Limiting Superfund Liability
On May 22, 2001, the U.S. House of Representatives passed a bill that would amend the Comprehensive Environmental Response, Compensation, and Liability Act ("CERCLA" or "Superfund"). This bill, the Small Business Liability Protection Act (H.R. 1831), is designed to relieve small businesses from liability by creating two exemptions under CERCLA. Currently, CERCLA imposes joint and several liability on all generators of hazardous substances, and large companies often seek contribution of cleanup costs from small businesses that sent small amounts of hazardous substances to disposal sites. Sponsors of the bill include Hon. Frank Pallone and Hon. Bill Pascrell of New Jersey.

The first exemption is a de micromis exemption, which would protect persons from liability for response costs at a facility on the National Priorities List ("NPL") if the amount attributable to the person is less than 110 gallons of liquid/200 pounds of solid materials, and all or part of the disposal, treatment or transport occurred before April 1, 2001.

The second proposed exemption is a municipal solid waste exemption. This provision would exempt from liability businesses with not more than 100 full-time employees which disposed municipal solid waste at NPL facilities. For the purposes of this exemption, "municipal solid waste" is limited in scope to waste material typical of single family household waste, with a level of hazardous substances associated with such household waste.
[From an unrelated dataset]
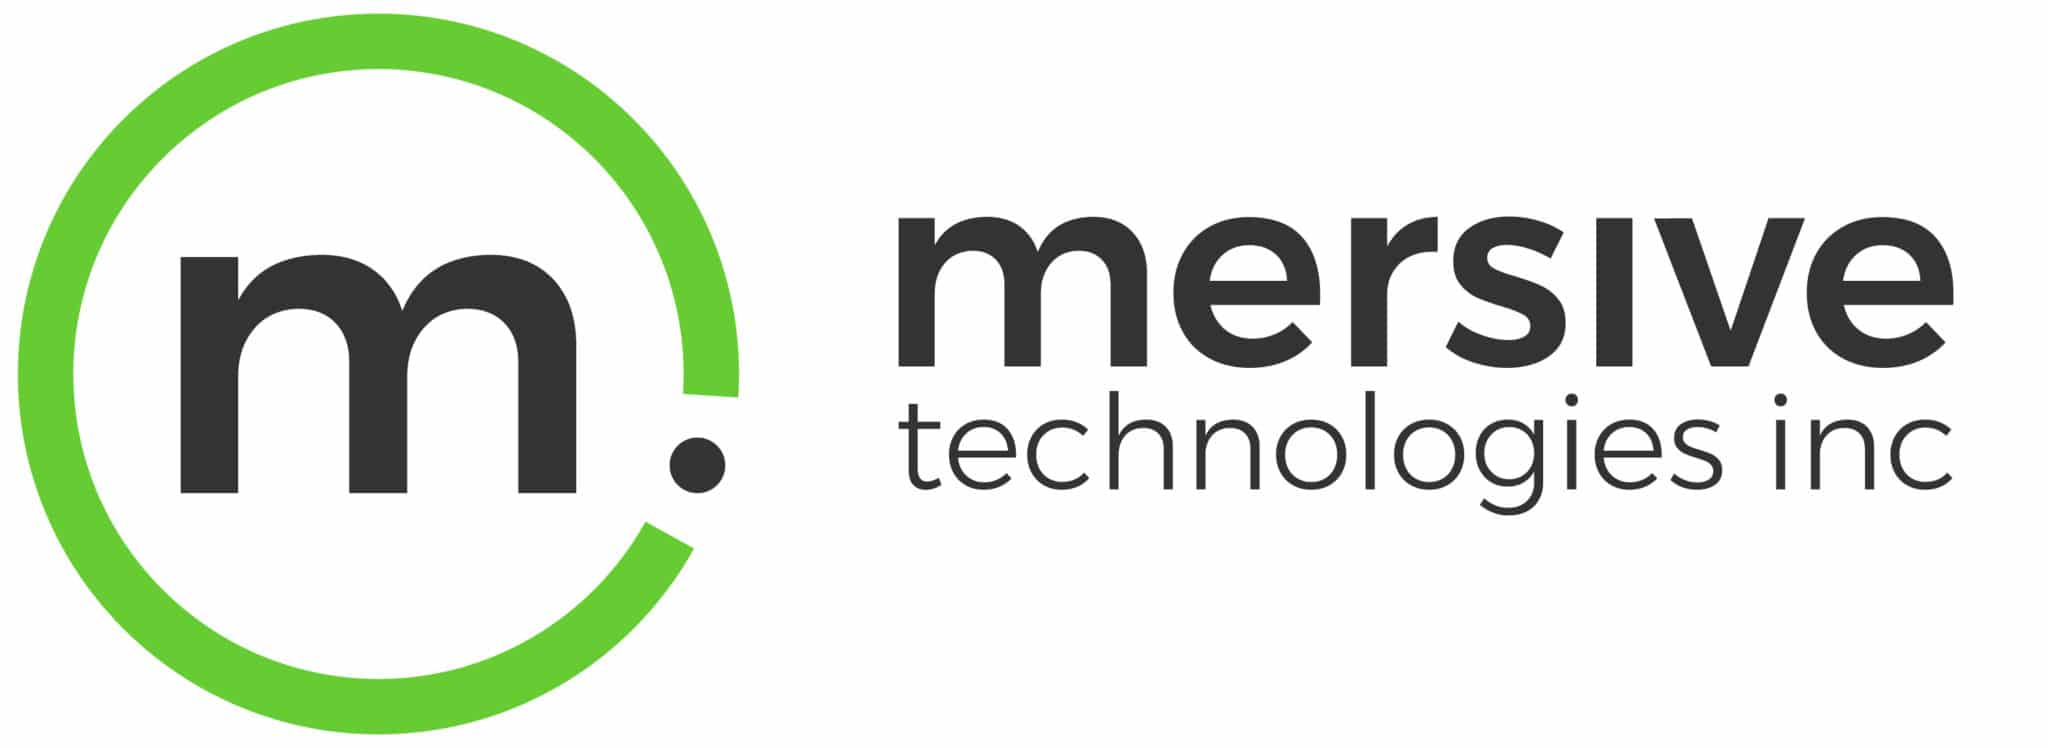 mersive technologies inc

Examples include food and yard waste, paper, disposable diapers, cosmetics, and elementary and secondary school laboratory waste.
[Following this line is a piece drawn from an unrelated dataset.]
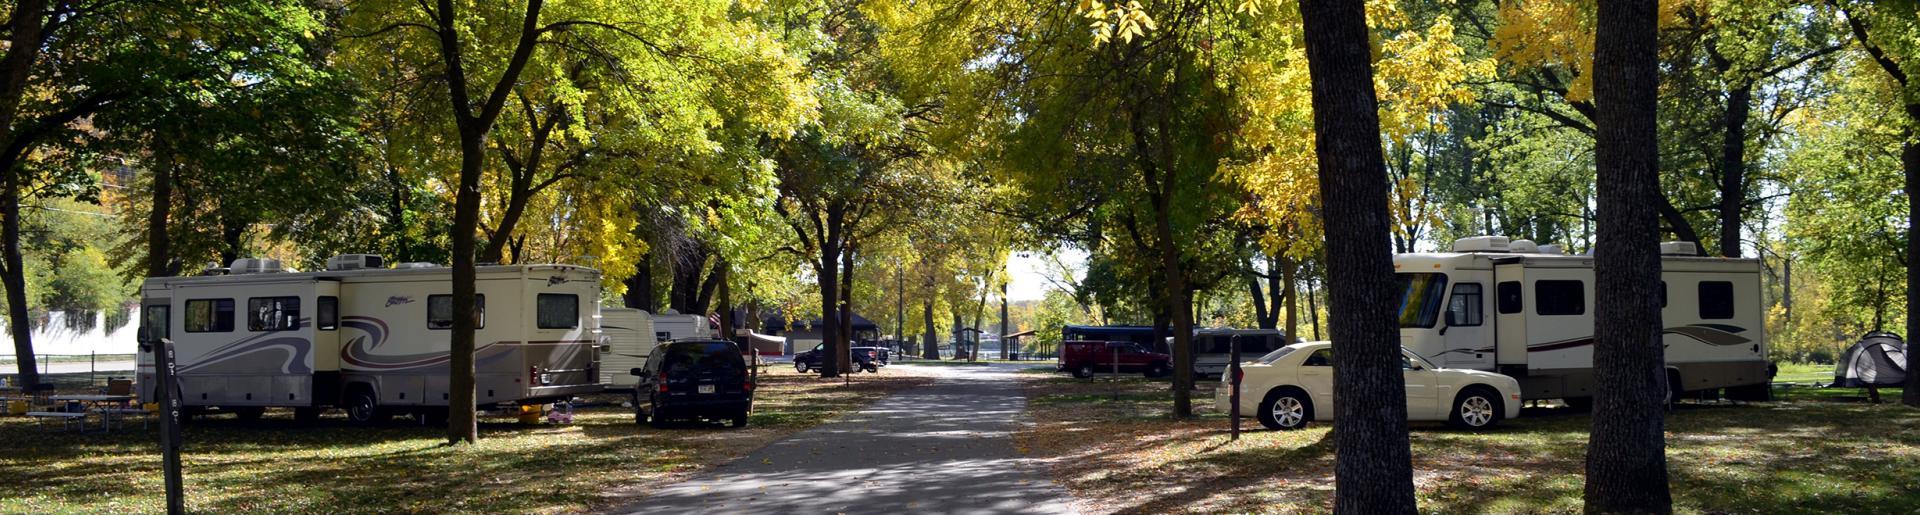 Camping at Dane County Parks

EPA Administrator Christine Whitman has praised the bipartisan sponsors of the new bill, commenting, "we have been encouraging Congress to enact legislation to assist EPA in providing relief to small businesses ... This measure will promote cleanup and reduce needless lawsuits by drawing a bright line between large contributors of toxic waste and small businesses that disposed small amounts of waste or ordinary trash."

Site Cleanup to Residential Standards Not Necessary
The United States Court of Appeals, Sixth Circuit, recently held that a former owner/operator's responsibility for remediation costs could be limited to those costs necessary to achieve an industrial cleanup standard. The City of Detroit condemned a historically industrial tract to clear flight paths for a municipal airport. The city demolished the existing factory and buildings, which included the remediation of polychlorinated biphenyls ("PCBs"), petroleum, ethyl benzene, toluene, and xylene. The city sought cost recovery under the CERCLA, 42 U.S.C. §9601 et seq., and Michigan State law.

The Court noted that State law allowed a responsible party to select a cleanup standard appropriate in light of the use of the site and that, under both State law and CERCLA, recoverable remediation costs must be "necessary." Considering the historically industrial use of the site, the Court agreed with the district court's determination that a former owner/operator's responsibility for future costs should be limited to those necessary to achieve an industrial cleanup standard, stating that requiring more (i.e., cleanup to residential standards) would be "an unwarranted windfall to the beneficiary of the cleanup." City of Detroit v. Simon, 2001 WL 369946 (6th Cir. 2001).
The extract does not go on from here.